1. Technical Field
The present disclosure relates to loudspeakers and, particularly, to a carbon nanotube based loudspeaker.
2. Description of Related Art
Loudspeakers are apparatus that reproduce sound recorded in different media. The loudspeaker commonly includes an enclosure (i.e., housing, box, or cabinet) and a sound wave generator disposed in the enclosure. The loudspeakers can be divided into passive loudspeakers and active loudspeakers. The active loudspeakers are any loudspeakers that contain their own amplifiers (e.g. those for computers or i-pods), or loudspeakers that divide the frequencies for each sound wave generator before power-amplification, using an active crossover. The passive loudspeakers are loudspeakers without amplifiers.
The enclosure generally is a shell structure defining a hollow space therein, made of wood, ceramic, plastic, resin, or other suitable material. The sound wave generator inside the enclosure is used to transform an electrical signal into a sound pressure that can be heard by human ears.
There are different types of sound wave generators that can be categorized according by their working principle, such as electro-dynamic sound wave generators, electromagnetic sound wave generators, electrostatic sound wave generators and piezoelectric sound wave generators. However, the various types ultimately use mechanical vibration to produce sound waves, in other words they all achieve “electro-mechanical-acoustic” conversion. Among the various types, the electro-dynamic sound wave generators are most widely used.

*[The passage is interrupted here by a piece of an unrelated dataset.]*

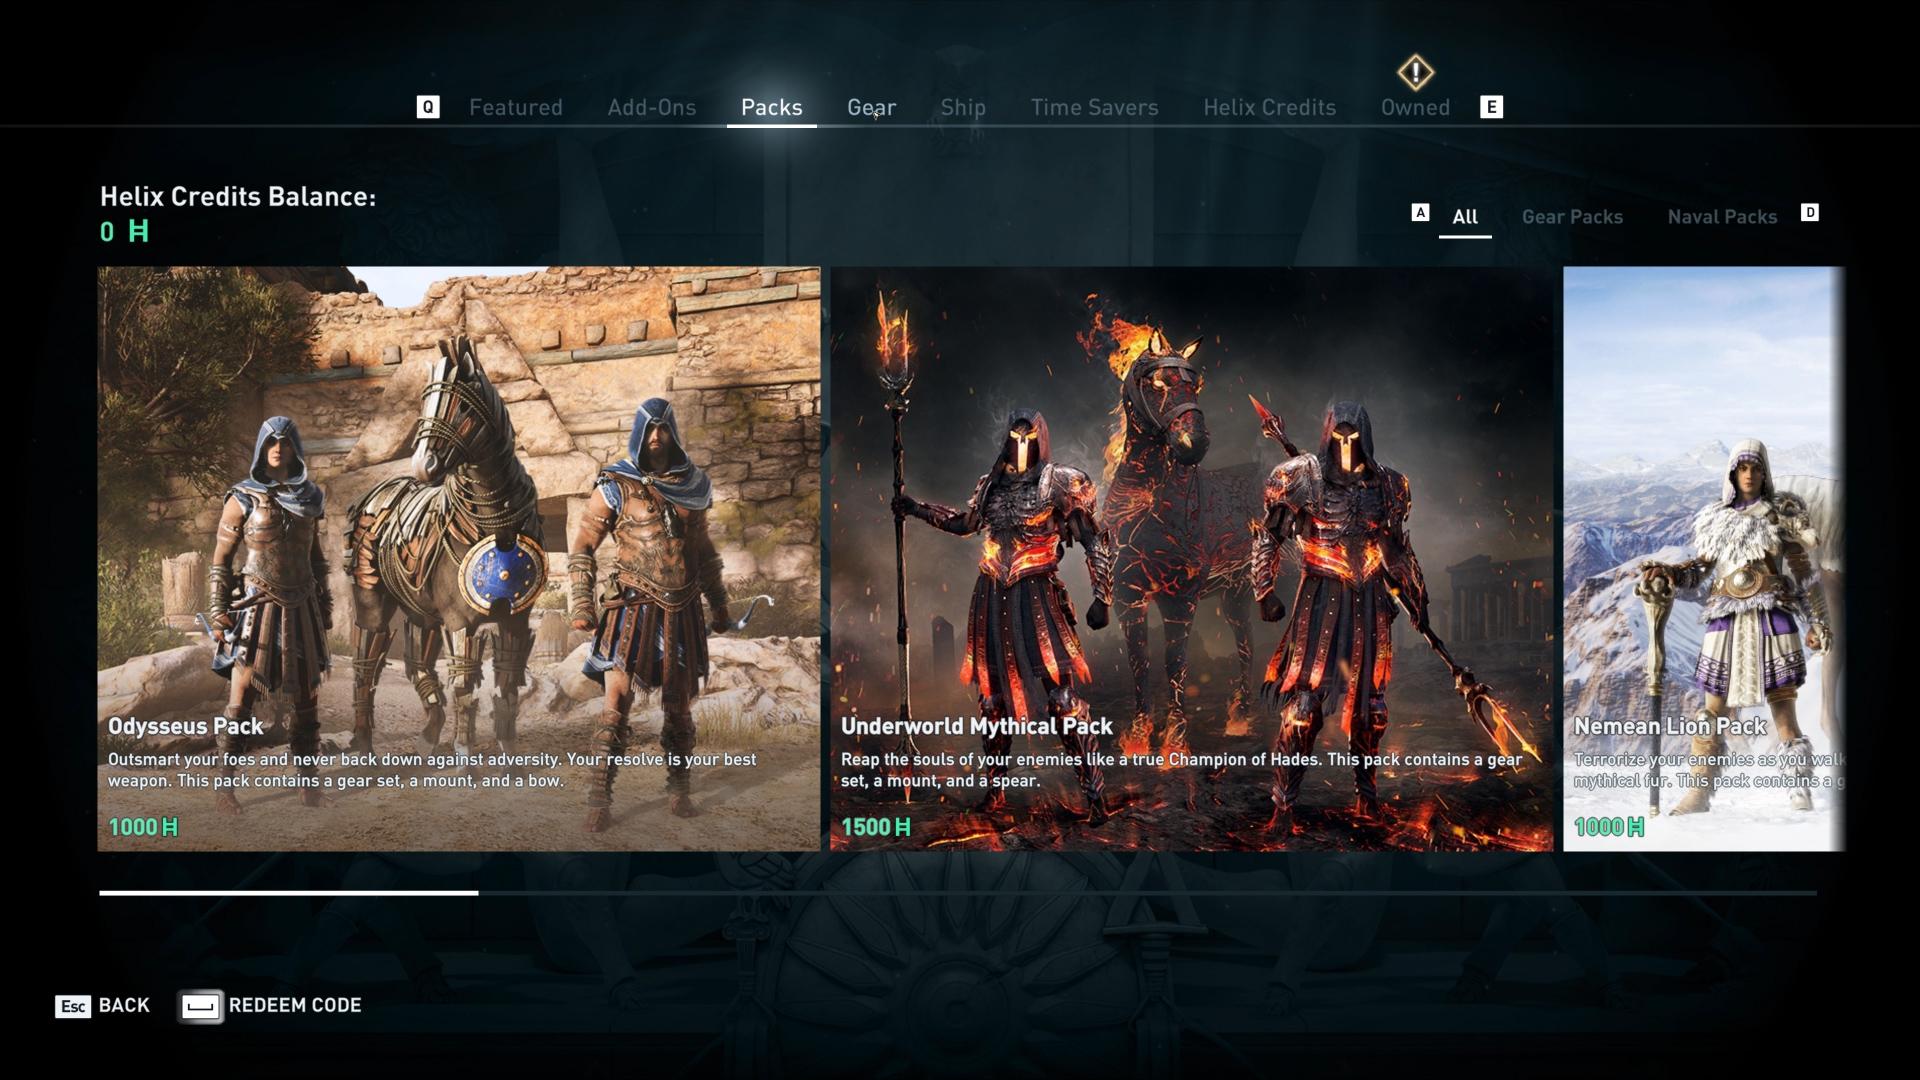 Assassin's Creed  Odyssey 2018.11.27 - 19.17.03.01.00_01_12_06.Still006.jpg

Referring to FIG. 19, a typical passive loudspeaker 10 according to the prior art with an electro-dynamic sound wave generator 100, includes an enclosure 110. The sound wave generator 100 is disposed in the enclosure 110. The sound wave generator 100 is mounted on a front panel of the enclosure 110. The sound wave generator 100 includes a voice coil, a magnet and a cone. The voice coil is an electrical conductor, and is placed in the magnetic field of the magnet. By applying an electrical current to the voice coil, a mechanical vibration of the cone is produced due to the interaction between the electromagnetic field produced by the voice coil and the magnetic field of the magnets, thus producing sound waves. However, the structure of the electric-powered sound wave generator 100 is dependent on magnetic fields and often weighty magnets.

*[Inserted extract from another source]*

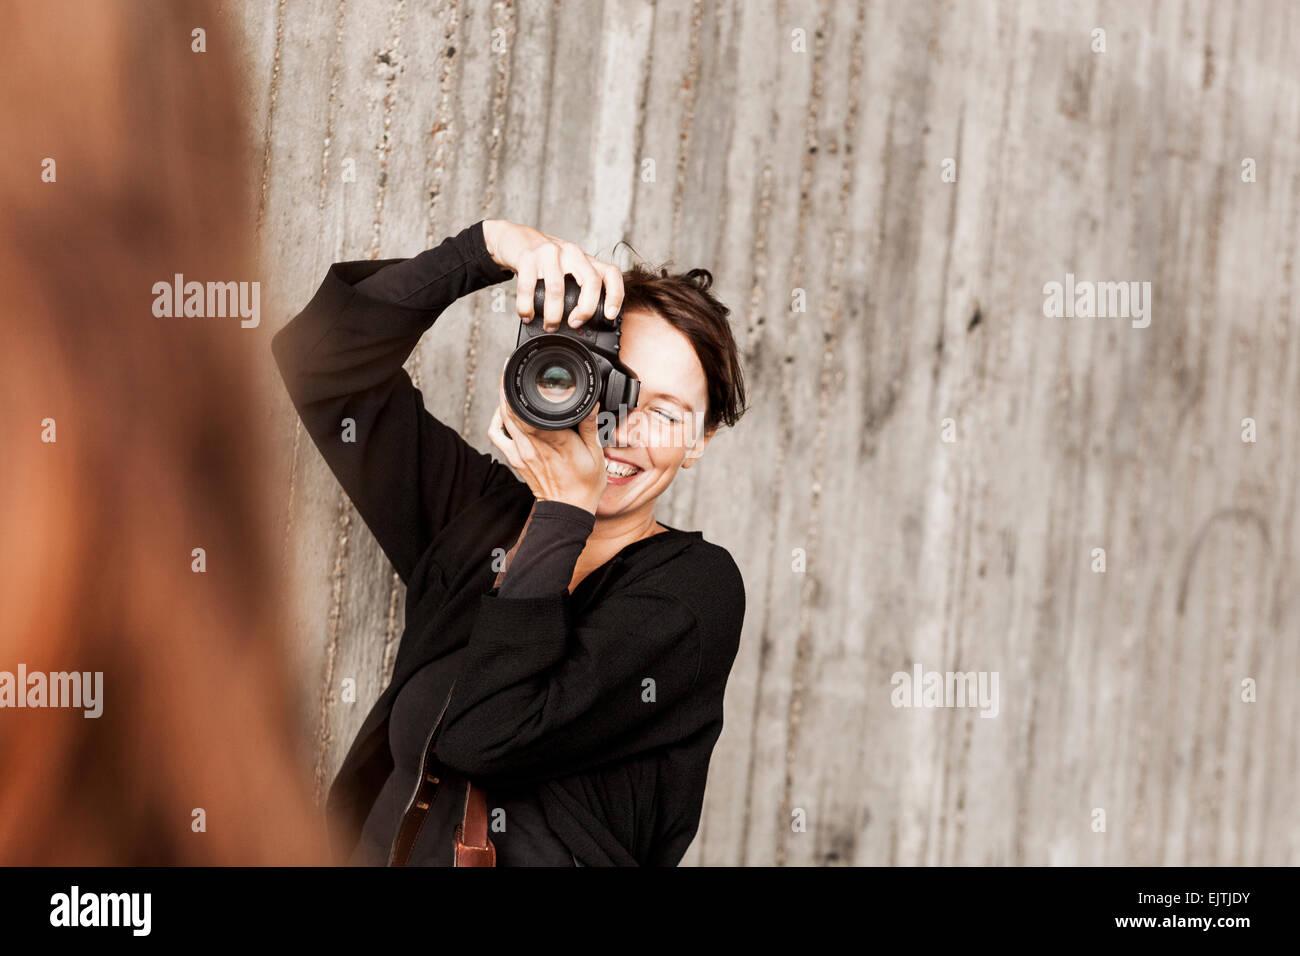 Donna felice fotografare amico contro la parete Immagini Stock

Carbon nanotubes (CNT) are a novel carbonaceous material and have received a great deal of interest since the early 1990s. Carbon nanotubes have interesting and potentially useful electrical and mechanical properties, and have been widely used in a plurality of fields.
What is needed, therefore, is to provide a loudspeaker having a CNT structure that is not dependent on magnetic fields.
Corresponding reference characters indicate corresponding parts throughout the several views. The exemplifications set out herein illustrate at least one exemplary embodiment of the present loudspeaker, in at least one form, and such exemplifications are not to be construed as limiting the scope of the invention in any manner.